Peach-pineapple, honey, mint
Put on some R&B, and roast a chicken. This is a two-person drink that likes spice and slow beats.
Considered a Don the Beachcomber masterpiece, the Downfall is an example of his garden-to-glass ethos, prefiguring that sensibility by a good seventy years. It’s easy to see why this minty pineapple slush became a sensation in tiki bars around the country. Like the best cocktails from this era, the taste of alcohol completely disappears into an herbaceous embrace.
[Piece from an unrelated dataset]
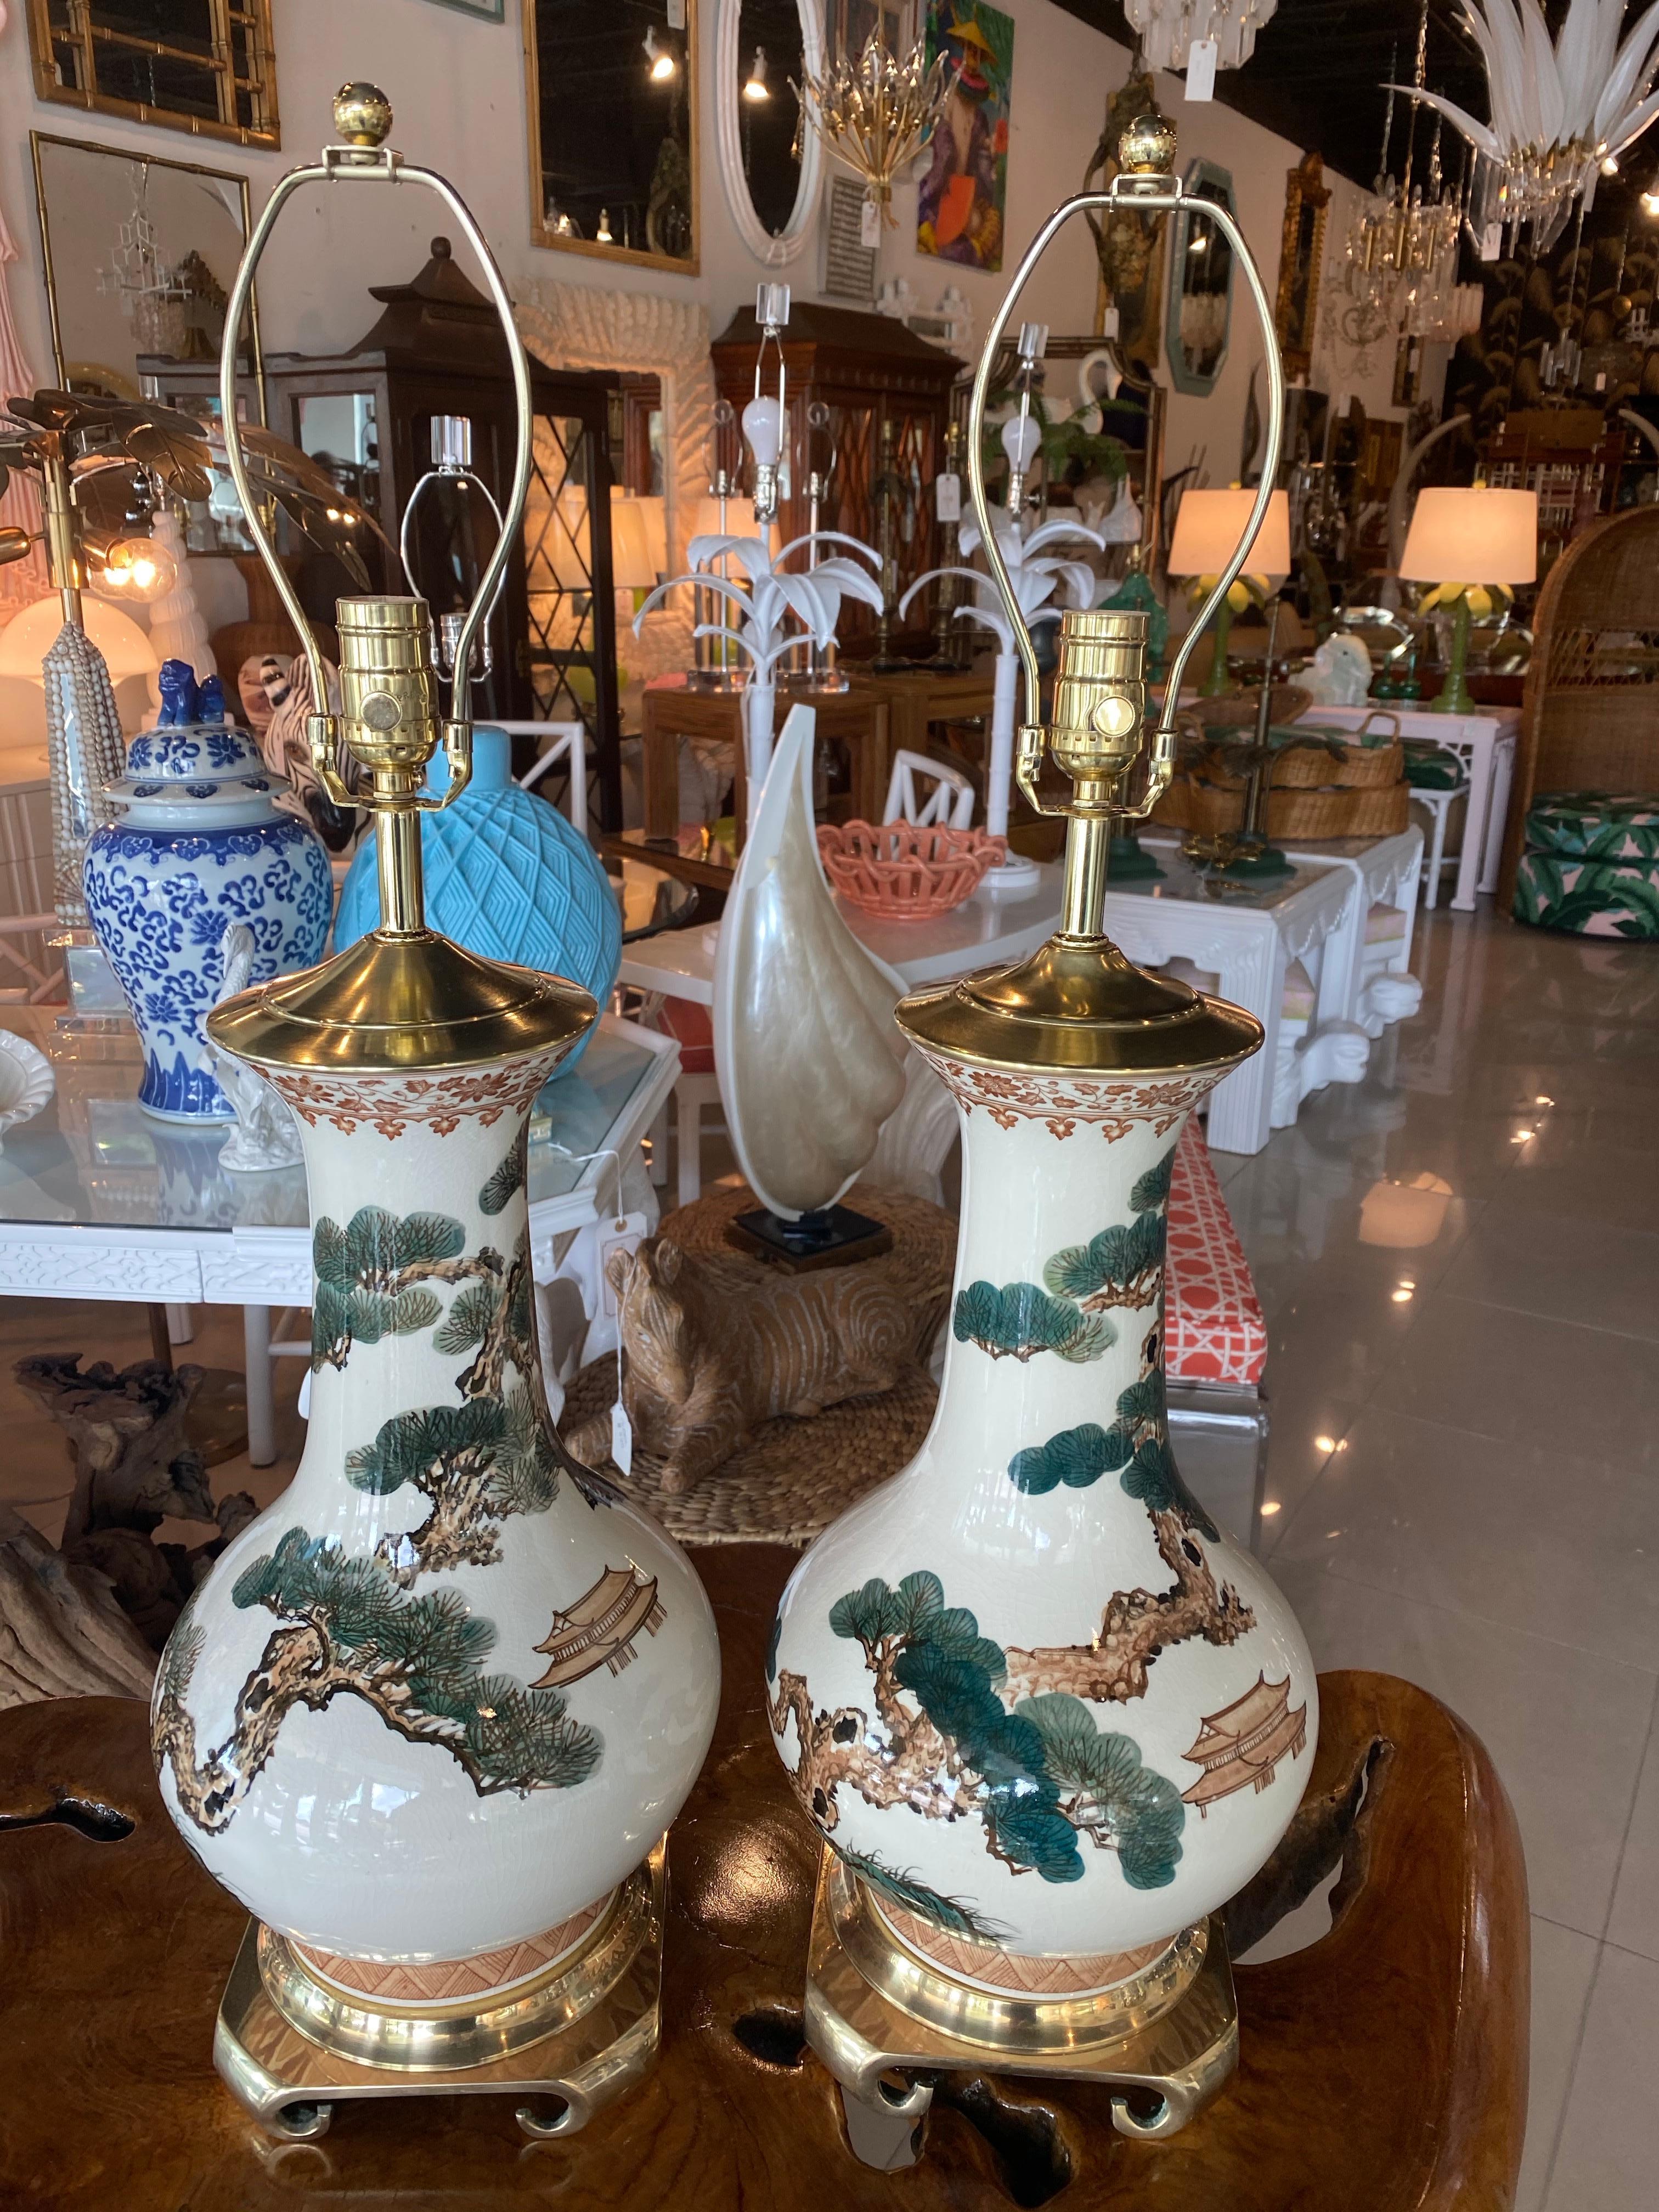 Lovely pair of vintage chinoiserie ceramic table lamps. Lovely design with trees and pagoda house. Newly wired. Original brass Greek key base has been polished. New brass hardware. These have great size and weight to them. No chips or

Whatever you do, don’t pick out a bottom-shelf peach brandy. We use Mathilde Pêche—properly a liqueur, not brandy—but it works well.
MAKES 2 (OR 1 LARGE DRINK)
2 ounces (60 ml) light rum (Flor de Caña 4 Yr)
1 ounce (30 ml) peach brandy (Mathilde Pêche)
2 ounces (60 ml) honey syrup (see page 242)
1 ounce (30 ml) fresh lime juice
½ cup (65 g) diced fresh pineapple
¼ cup (5 g) loosely packed mint leaves, plus a few leaves to garnish
Combine all ingredients in a blender with ice. Pour into a pair of chilled cocktail glasses and garnish with a sprig of mint.
ORGEAT
Orgeat (pronounced OR-zsat in English, or, OR-zsa in French) is a nonalcoholic almond-based syrup that tastes like marzipan. It appears as a frequent ingredient in tiki drinks, most famously in the Mai Tai (page 185), but also in early drinks such as the Japanese Cocktail (page 33). It lends thick texture along with a touch of je ne sais quoi, thanks to the addition of orange flower water. This is one of the great mixers in the entire cocktailian toolbox—you’ve never had a Mai Tai until you’ve had one with high-quality orgeat. Most commercial versions contain stabilizers or high-fructose corn syrup, so we supply an easy-to-make recipe on page 244.
FALERNUM
Falernum is a key tiki ingredient with a fuzzy past. It’s a sweetened lime and spice syrup that most likely hails from the island of Barbados. It’s old enough that Charles Dickens mentioned it in his travel writings, and it’s sold as both a liqueur (John D. Taylor’s Velvet Falernum) and a nonalcoholic version (such as Fee Brothers). Recipes for falernum vary (see ours on page 246), but its flavor profile typically contains almonds, ginger, allspice, and cloves.